E-mail is handled with the mailto prefix: mailto:cliffg@halcyon.com
An Internet e-mail address is composed of two parts - the user name, and the server location. For example, my Internet e-mail address is: cliffg@halcyon.com
I have an account and user name cliffg with NW Nexus, and their e-mail system name is halcyon.com.
SMTP relies on having servers running at both sites (source and destination). If you're using PPP or SLIP to connect to the Internet, your system is typically not connected all the time, and for many users doesn't have a fixed name (it is dynamically assigned from a pool of names and addresses).

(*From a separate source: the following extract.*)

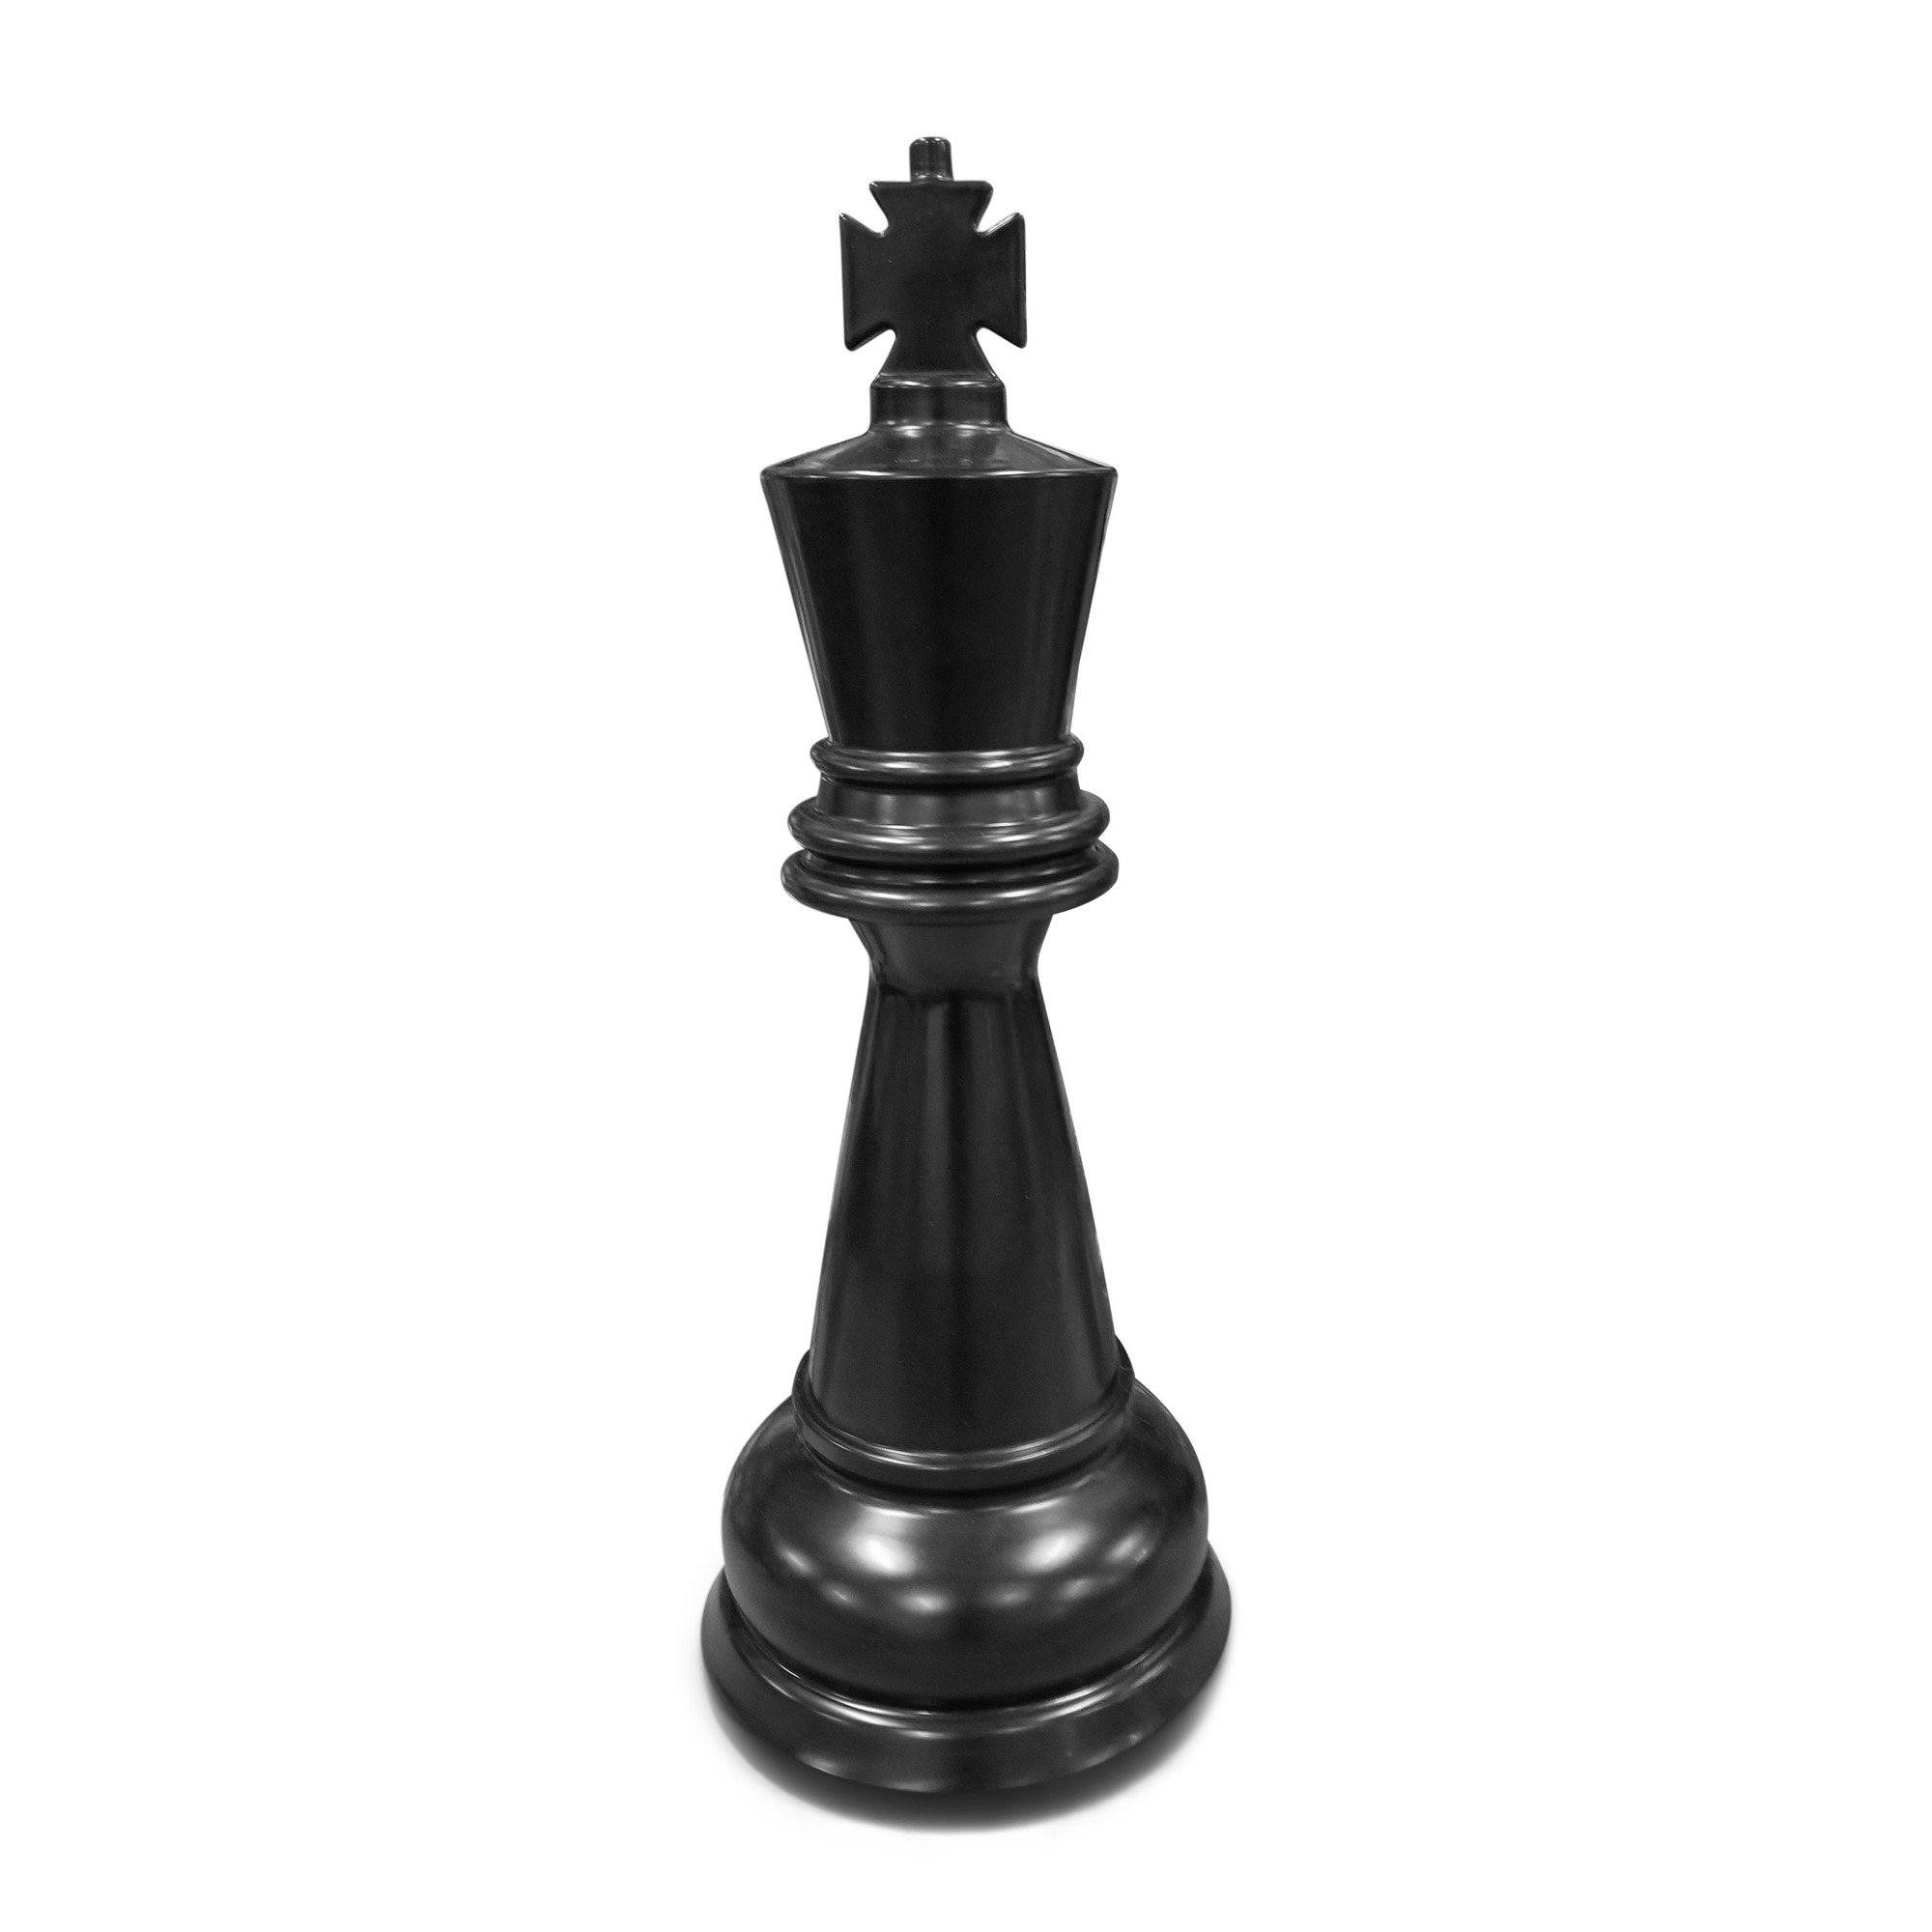 Premium Photo  Chess pieces on dark with red backlight close up

In this case the e-mail is stored on the ISP e-mail server, and after logging in a special connection is made by the e-mail client to get the waiting e-mail messages.
E-mail systems on a LAN sometimes don't use the SMTP protocol (e.g. CC:Mail). In this case a translation is made between the two e-mail protocols so that e-mail can be interchanged. This is commonly called an e-mail gateway.
Internet Relay Chat (IRC) is a text-based chat mechanism that runs over the Internet. IRC clients provide the user interface for typing, while IRC servers pass the information back and forth, as well as organize the channels that are used for chatting.
There are other Internet application protocols in use, with the same underlying client / server model of communication.
Some client applications use only one high-level protocol, such as an FTP client, while others provide multi-protocol access (for example most Web browsers provide almost all high-level Internet protocols). Each high-level Internet protocol has a server that handles requests from the client application.
The most dramatic example is the global set of servers providing WWW access to Web browsers everywhere. Using the HTTP protocol, formatted text, graphics, and images are delivered from a Web (HTTP) server to Web clients (browsers), and hypertext links allow quick and easy access to other Web servers. The Java and Javascript languages allow interactive applications to be written which reside on a Web server and run within a Web browser as needed.
Commercial services such as Compuserve and America On-Line have internal networks that are different from the Internet. Increasingly, however, they are offering network gateways between their internal networks and the Internet, and providing software that allows users to access either one.
This is an exciting time in the world of global communications, and my hope
is that this article has helped explain and open up some of the mysteries of
Internet network protocols.